Федот Онуфриевич между тем еще раз лихо опрокинул в себя добрый глоток водки, крякнул, двинул кулаком по усам туда-сюда, толстыми пальцами ткнул в миску, кинул в рот и захрустел крепкими зубами, а на черной с проседью бороде нелепо повисла продолговатая долька рубленой капусты.

«Добротные у него погреба, – подумал отец Киприан. – Капуста и по весне не перекисает, будто только вчера посолили».

Жигуля перехватил взгляд монаха, мазнул рукой по бороде, прищурил глаза, словно что-то про себя прикидывал, а потом продолжал исповедь, как перед Святой Пасхой в церкви у причастия:

– Так вот, с чего я о ту пору начал? Вы думаете, стал слезы по усам пускать? Не-ет! День и ночь распахивал пустошь, а ее у нас предовольно, лишняя земля-матушка вокруг гуляет. Лошаденка от усталости валится, так я к себе ремнями борону цеплял и волоком тащил по пашне! Жена, бывало, под утро придет, а я сплю на меже рядом с лошадью. Сколько раз голодное воронье когтями лицо царапало, за мертвяка принимали! Отпоит женушка парным молоком, кус хлеба с салом съем, и опять за пахоту…

– Каторжный труд, – сочувственно вздохнул отец Киприан. Прислушался – почудилось, будто за амбаром Иргиз залаял.

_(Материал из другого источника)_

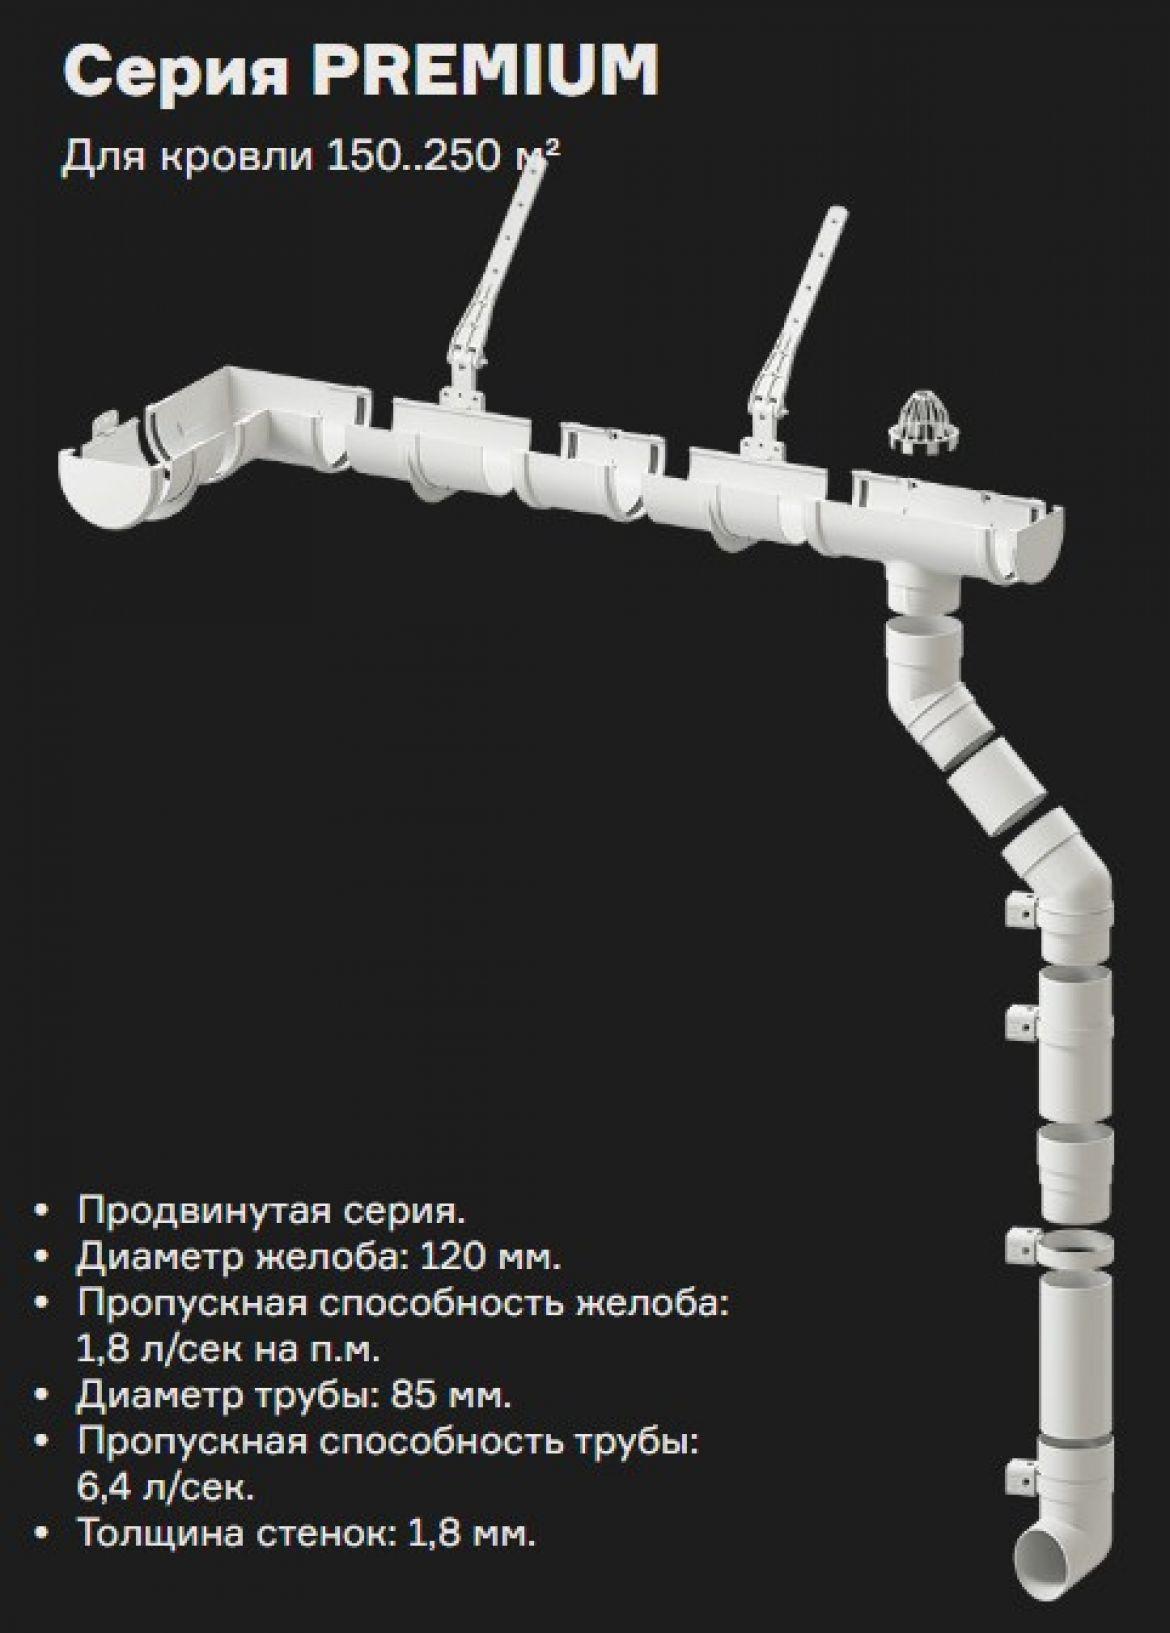 Водосточные системы круглые Premium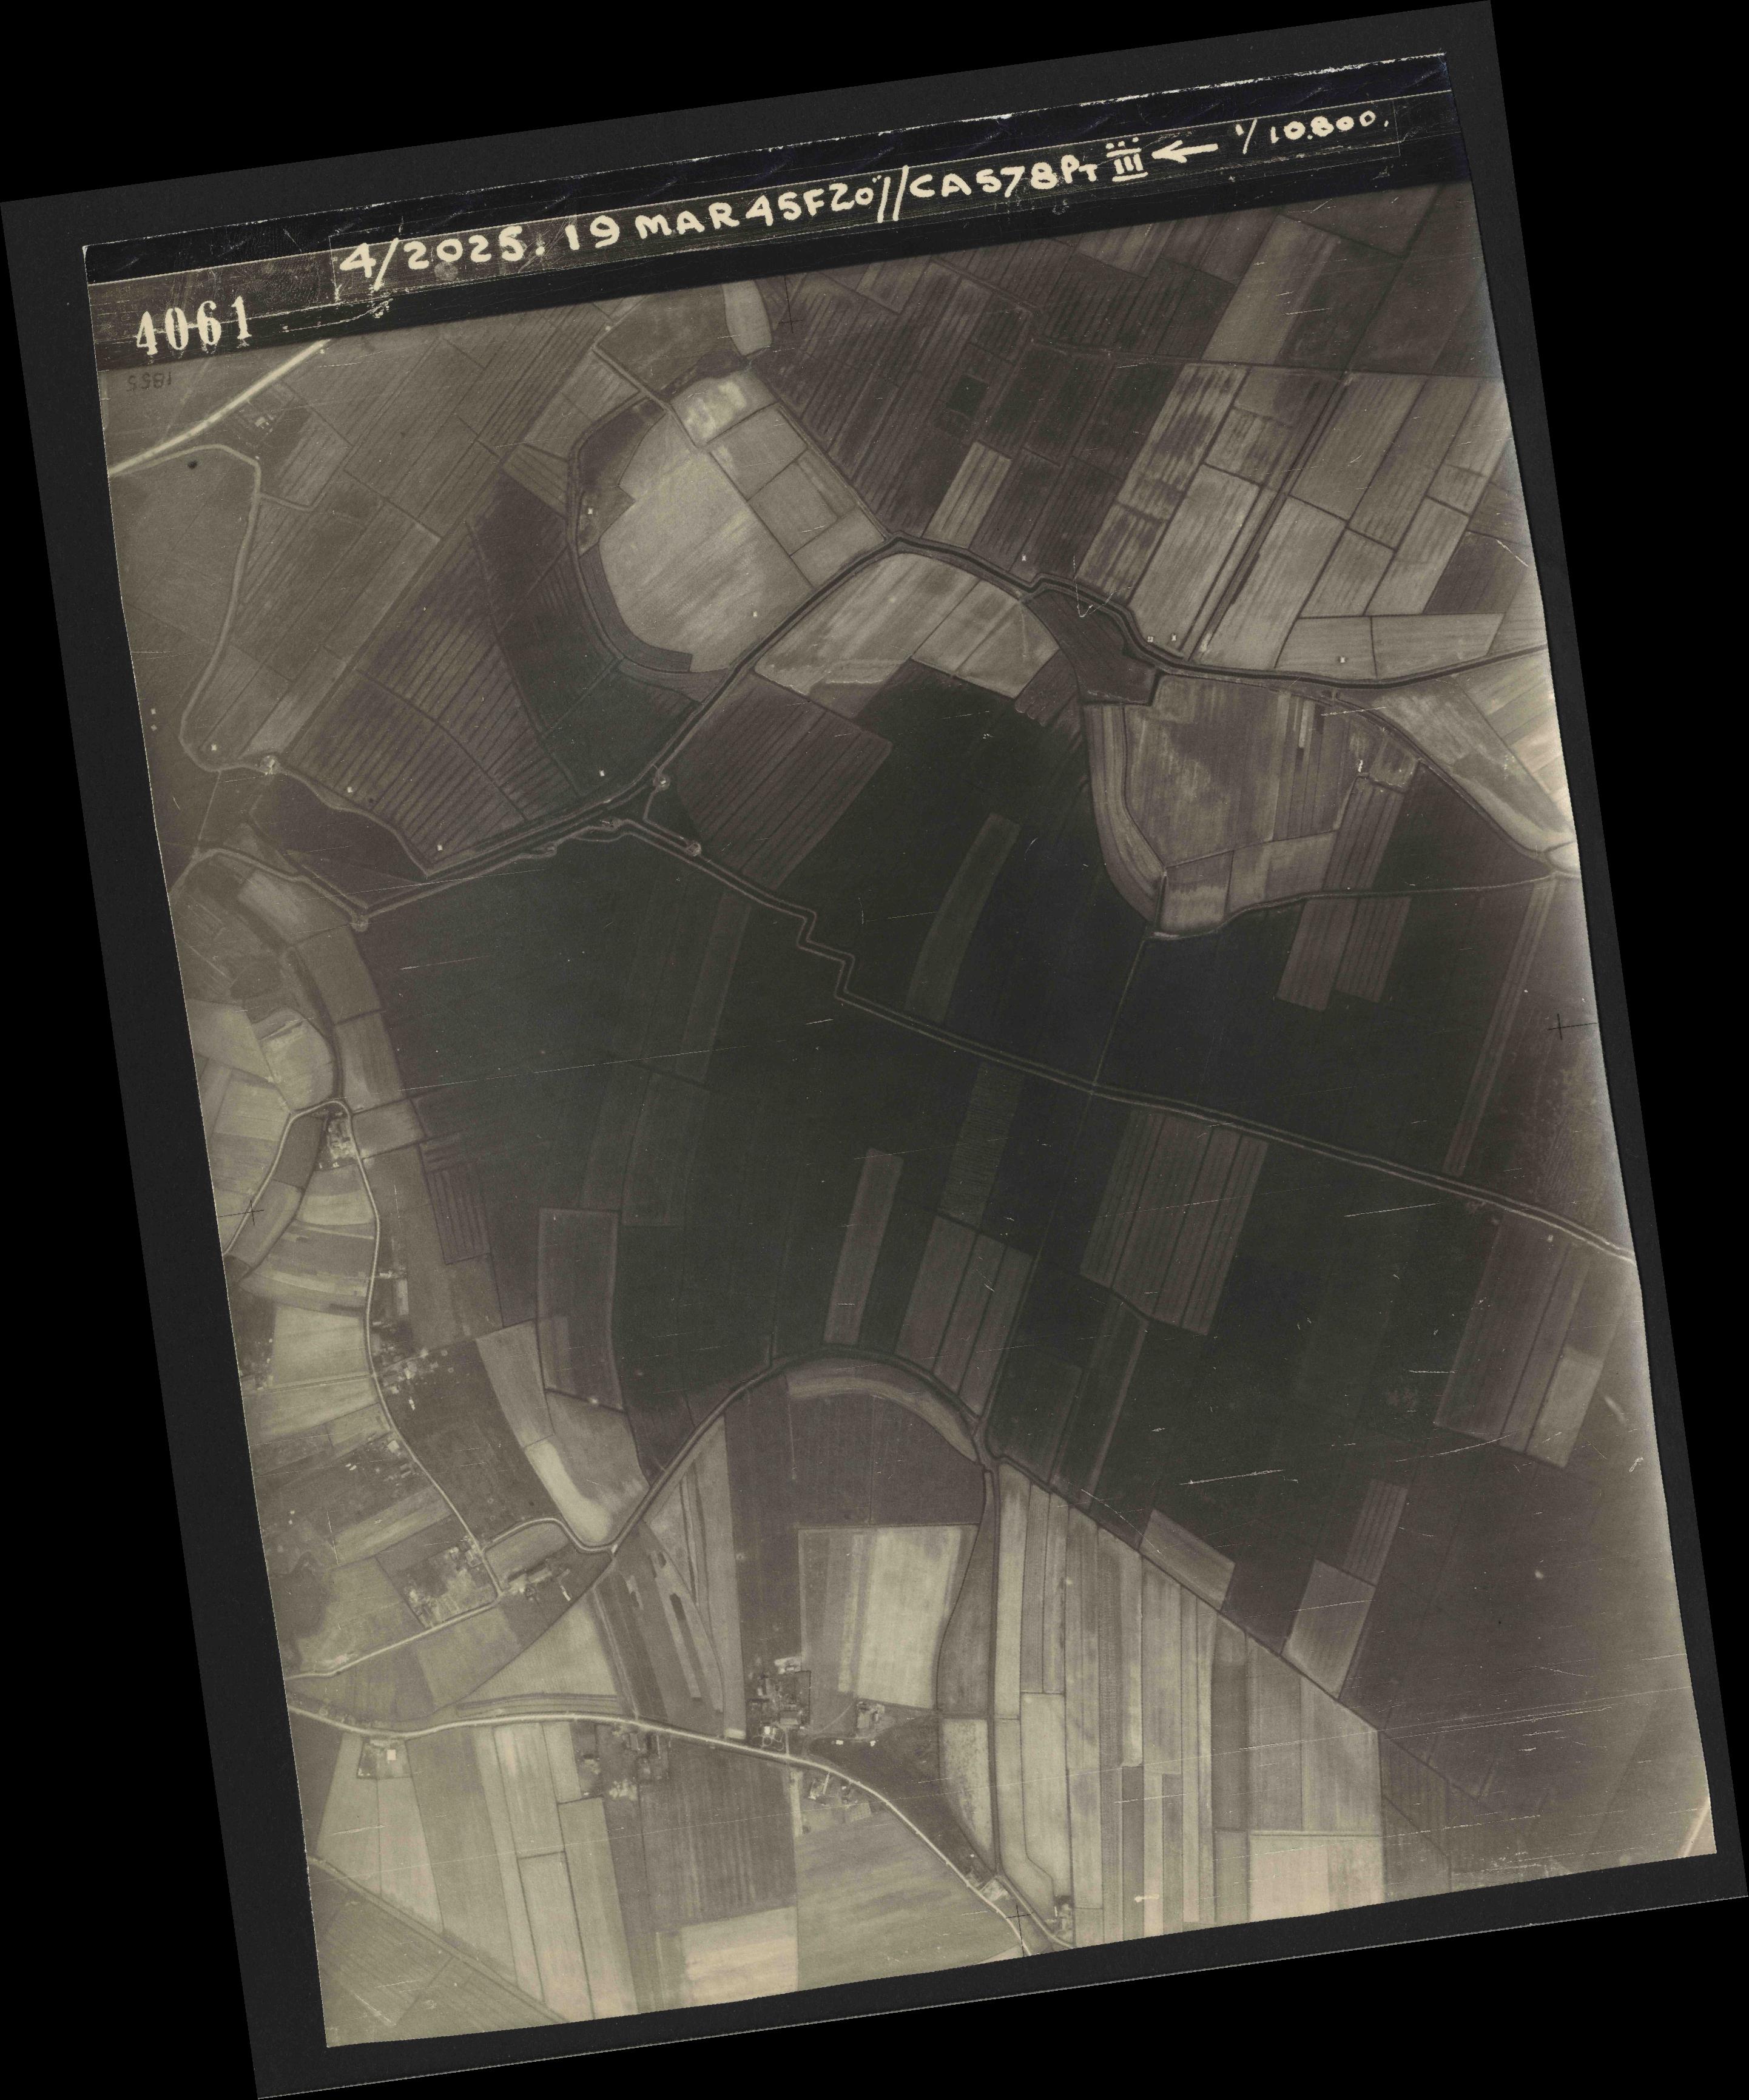 Collection RAF aerial photos 1940-1945 - flight 094, run 07, photo 4061

– Воистину каторжный, – поддакнул Федот Жигуля, отодвинул графин подальше от соблазна. – Но помнил я слова нашего батюшки, читал он как-то в проповеди притчи Соломоновы: «Рука прилежных будет господствовать, а ленивая будет под данью». Будто гвоздем вбил поп те слова мне в голову, денно и нощно слышу их. Не хочу быть под данью, но господствовать над другими в меру возможности! Потому как лучше сидеть на возу и погонять, нежели быть в упряжке и получать кнутом по спине! Тому и сыновей своих учил. Не в праздности и баловстве росли, в работе посильной. Малыми были – день-деньской по темным лесам шастали, ягоды, грибы какие, рыбу ли в озере – все брали первыми, раньше других. Зато когда пошли по нашим дорогам солдатские обозы в восточные крепости да конвойные команды с каторжанами, этап за этапом, тут я и пустил в торг съестные припасы. Копеечки-то и посыпались, посыпались милые, одна к одной. Не беда, что медненькие, потертые в руках порою так, что и Георгия Победоносца не разглядеть, а за год оно уже было в кисете увесисто! А еще Господь Бог сподобил в то лето урожаю быть, и у меня против других вдвое хлеба вышли. Соседи от зависти зубами скрежетали, а мы с женой работали да в плечах устали не знали, в две косы косили. При луне снопы в суслоны стаскивали, а потом в гумна. А по осени в овине сколько деревянными молотилами довелось поахать… Бывало, вертлюг руками не схватить, так накалялся, а мужицкие жилы терпели, не лопались…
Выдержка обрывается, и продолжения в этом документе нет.